With my first pregnancy I was convinced LM was a girl, and I was a little surprised to see all those boy bits. But I never regretted his boyness or wished he was a girl. Frankly, at a toddler age, there may be some differences between boys and girls, but also a lot of variability in personality. Aside from the fact that no one gives me pink clothing, I don't think it makes a huge difference right now. There are girls at LM's daycare far more rambunctious than he is. And while he adores trucks/trains and transportation, so do many girls I know. Obviously this difference will enhance as he gets older, and there are no doubt advantages and disadvantages on either side. But I have two brothers, D is one of three boys, my father was one of four boys. I'm very comfortable with boys and quite thrilled to have another one, or two.
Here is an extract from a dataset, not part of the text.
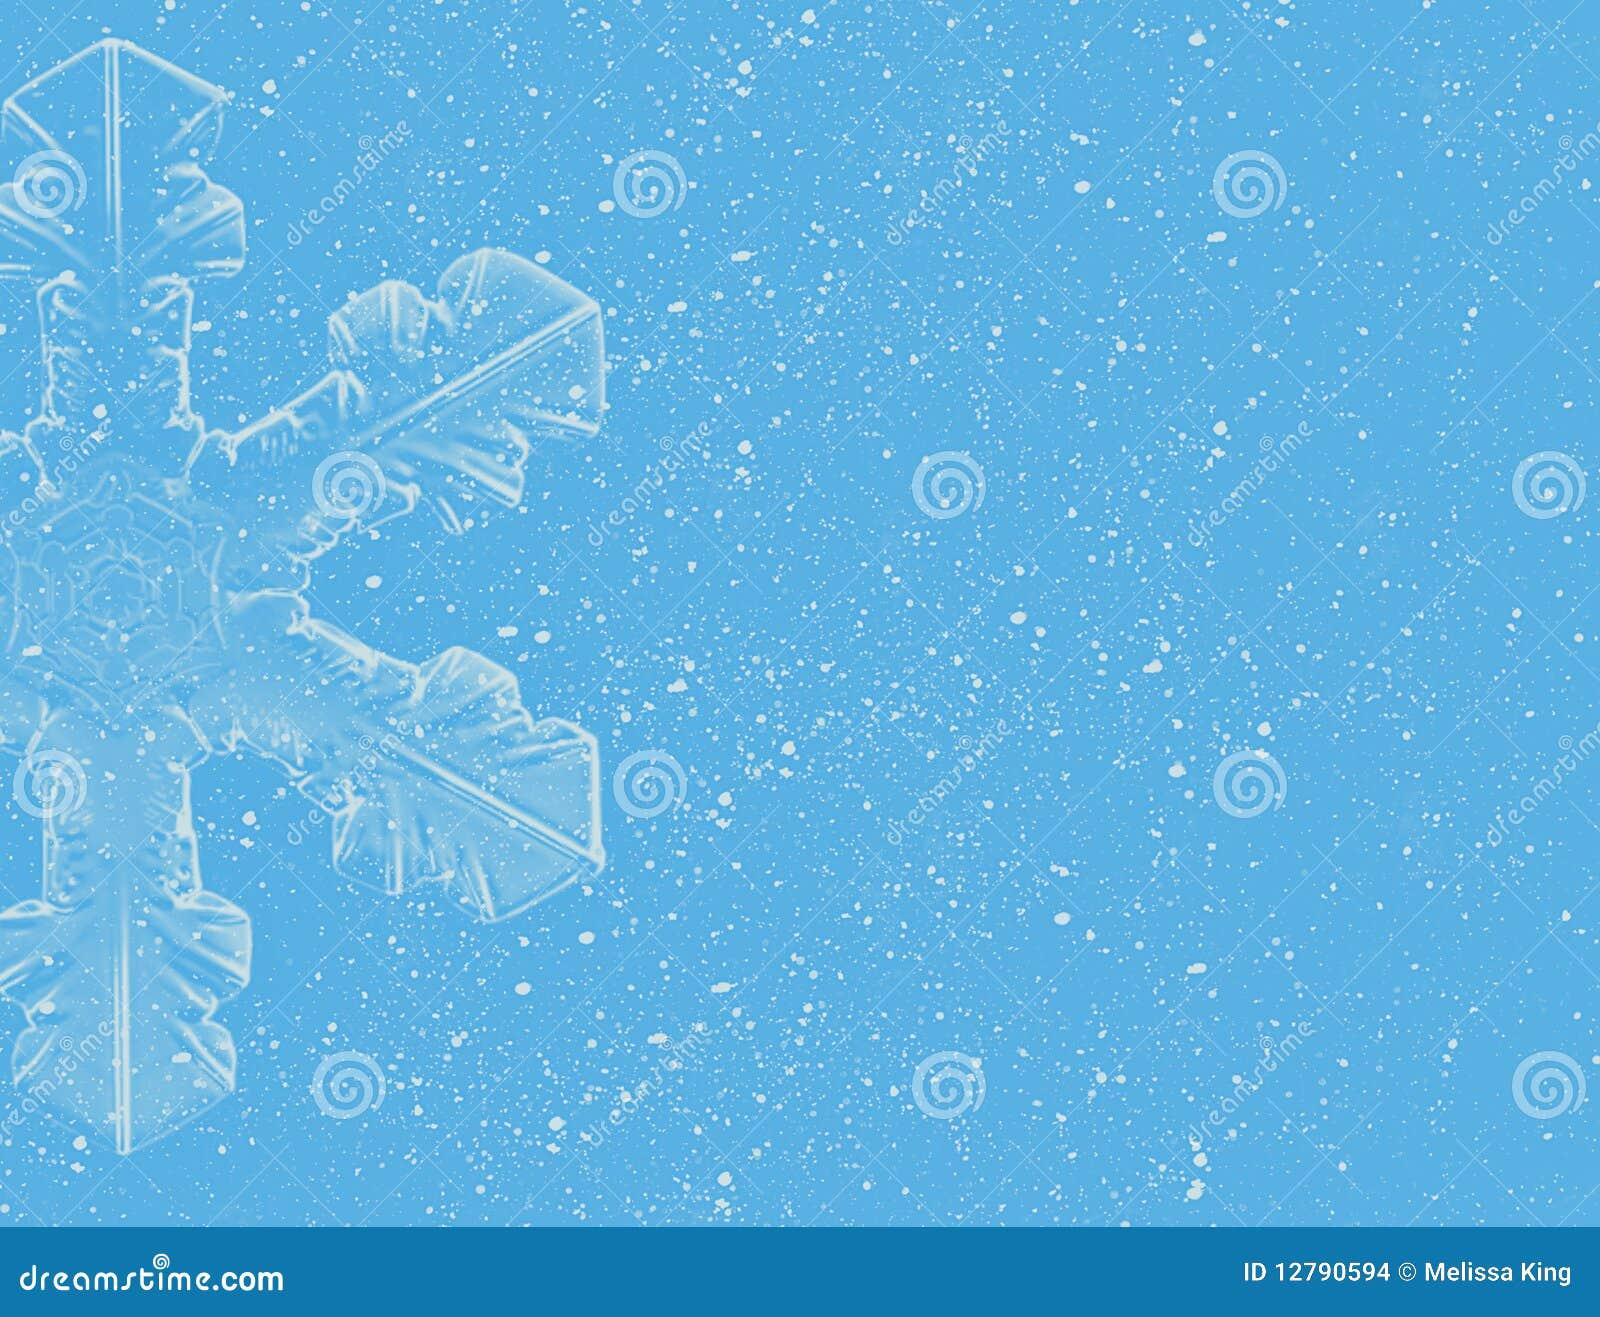 снежинка предпосылки

On a pregnancy message board I'm on, so many of the women talk about hoping for a girl. And they always have such dumb reasons, like "the clothes for girls are so much cuter." Frankly, I'm quite happy to bypass the Suri Cruise high heels and the princess gear. And while boys clothes can be annoying (think exploding snowboarders or race cars splashed across everything) there's plenty of cute stuff too. Not that shopping selection is a reason to wish for either gender - I'm not even sure why I'm talking about clothes, except that the gendered nature of baby clothes is a pet peeve of mine.
All this to say - I love my little guy and am fairly convinced I'm having another. That said, I'm not placing too much stock in my hunch given how wrong I was last time. After my bleeding dream, I'm just hoping that on my big ultrasound next week I see a nice, active, healthy little baby. And we won't be asking about the sex.
Labels: pregnancy

2 Comments:
At 8:29 PM ,
Good Timing said...
I love a surprise!!
At 4:27 AM ,
Kaitlyn said...
People were the same way when I was pregnant with Alena, they assumed I wanted a boy. It drove me nuts! I actually wanted another girl, because I wanted Leial to have a sister.
I think that it can be hard to imagine a different gender than the baby you already have... it was for me anyway. It's hard enough to imagine a new human being that will be so very different from the child you already have.
That said, now I'm starting to wonder if I would like a boy afterall, if it would round out our family nicely or not.
Looking forward to hearing about your ultrasound.
PS: are you doing a homebirth again this time?